Q.T. Hush is a 1960–61 American animated cartoon released in syndication, beginning on September 24, 1960. The show's 100 three-and-a-half-minute episodes, all in color, were directed by veteran animator Rudy Cataldi, and produced by Animation Associates. The series was designed to air either as a daily five-minute cliffhanger in a locally-produced children's show, or packaged as a half-hour program. Each story was ten parts; in the daily version, the story would last for two weeks.

The main character was voiced by veteran voice actor Dallas McKennon.

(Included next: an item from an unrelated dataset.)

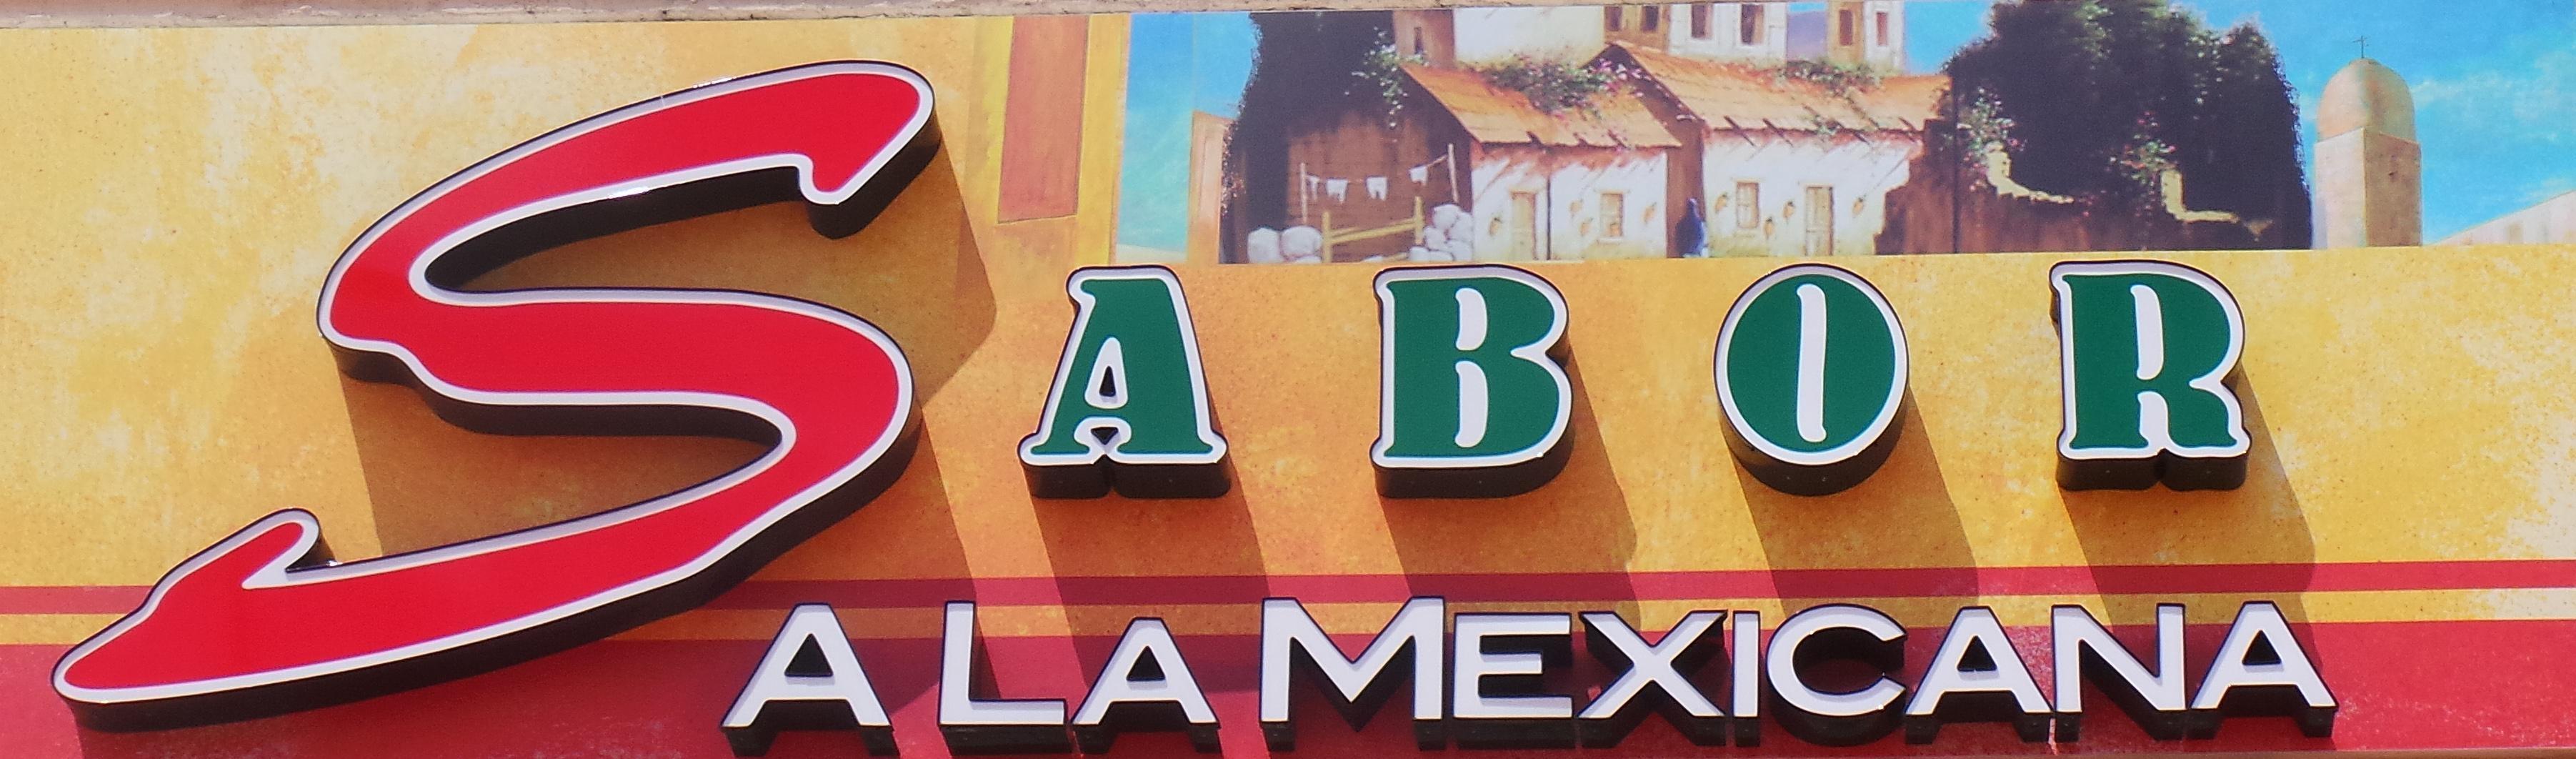 Sabor A La Mexicana Restaurant image 1

This was Animation Associates' only show. All of the episodes survive.

Plot
Q.T. was a private detective with two assistants, his bloodhound Shamus (who, like Q.T., wore a deerstalker hat) and Quincy, who wore a trench coat, slouch hat and smoked cigars. Quincy was actually Q.T.'s shadow and could not only speak but slide under doors as well. As with many private eyes, Hush had a love-hate relationship with the local police in the form of Chief Muldoon.

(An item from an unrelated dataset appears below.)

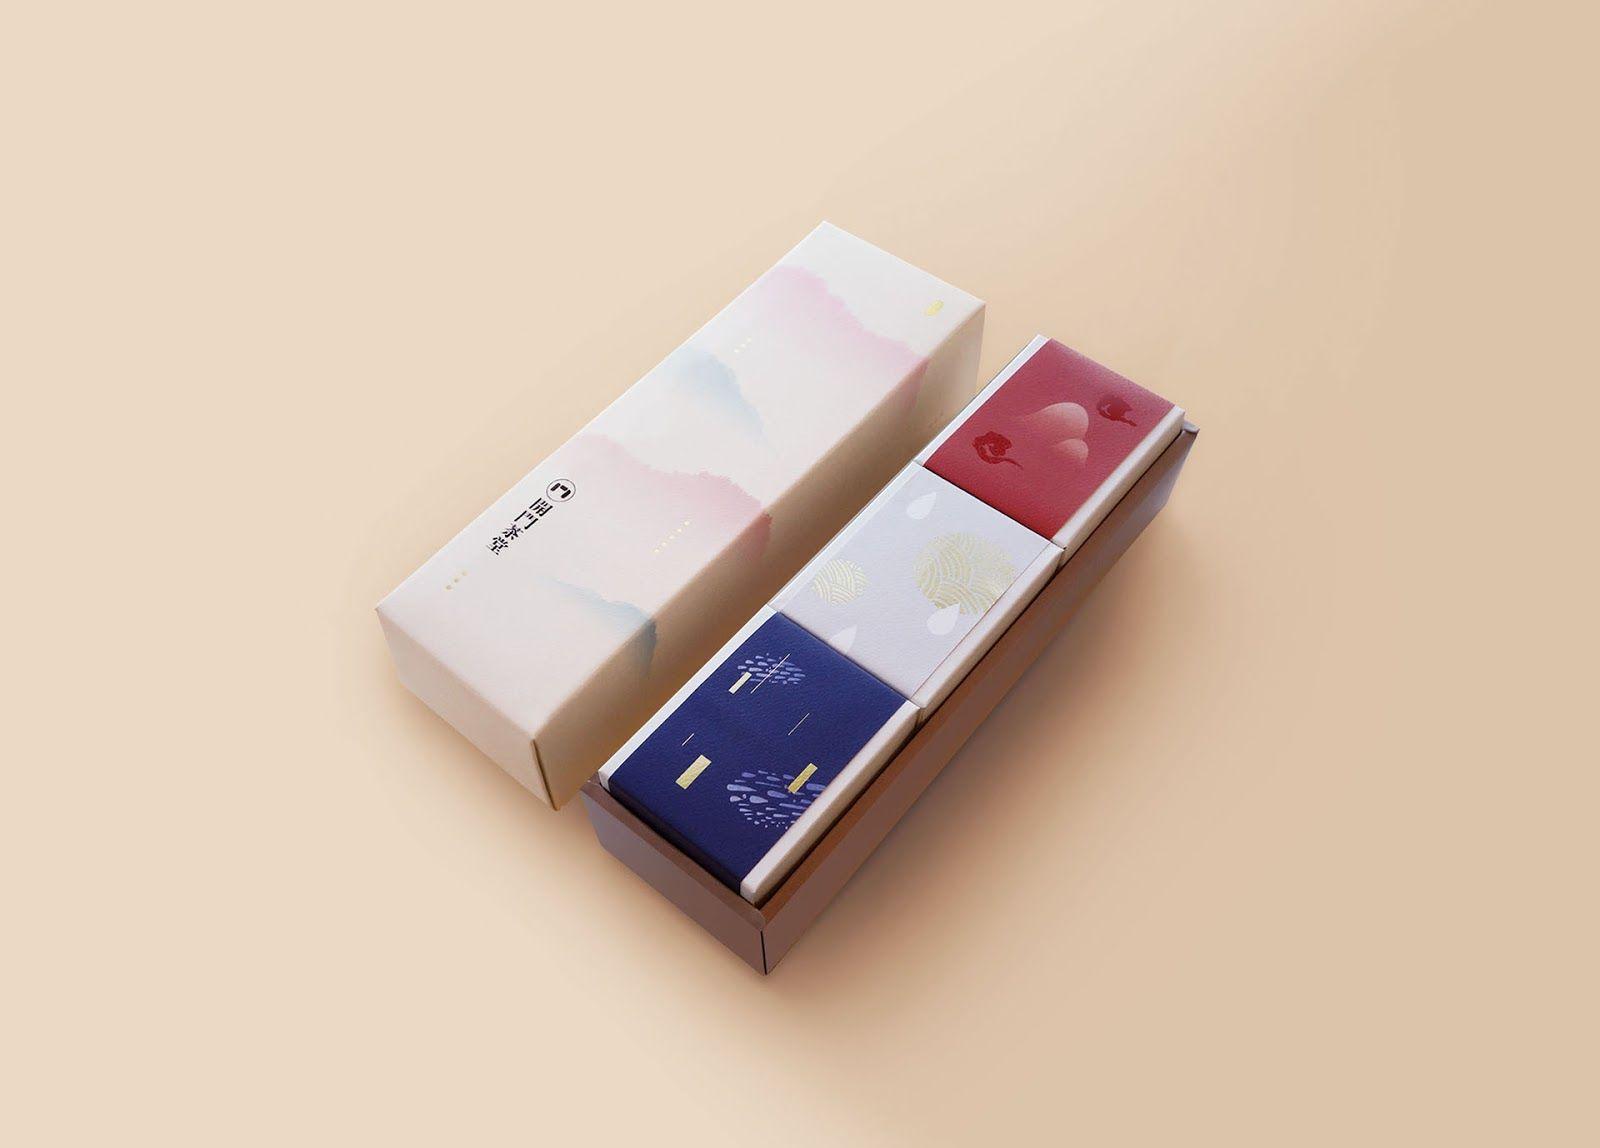 Kaimon Tea With Images Taiwan Tea Health Products Packaging Tea

Aside from the serial aspect and being one of the few color cartoons of its era, Q.T. was famous for inventing the cell phone (a pocket radio that could be used to call conventional land lines) and the fax machine (QT could shove documents into a phone mouthpiece and have the identical document appear in the receiver of who he was speaking with).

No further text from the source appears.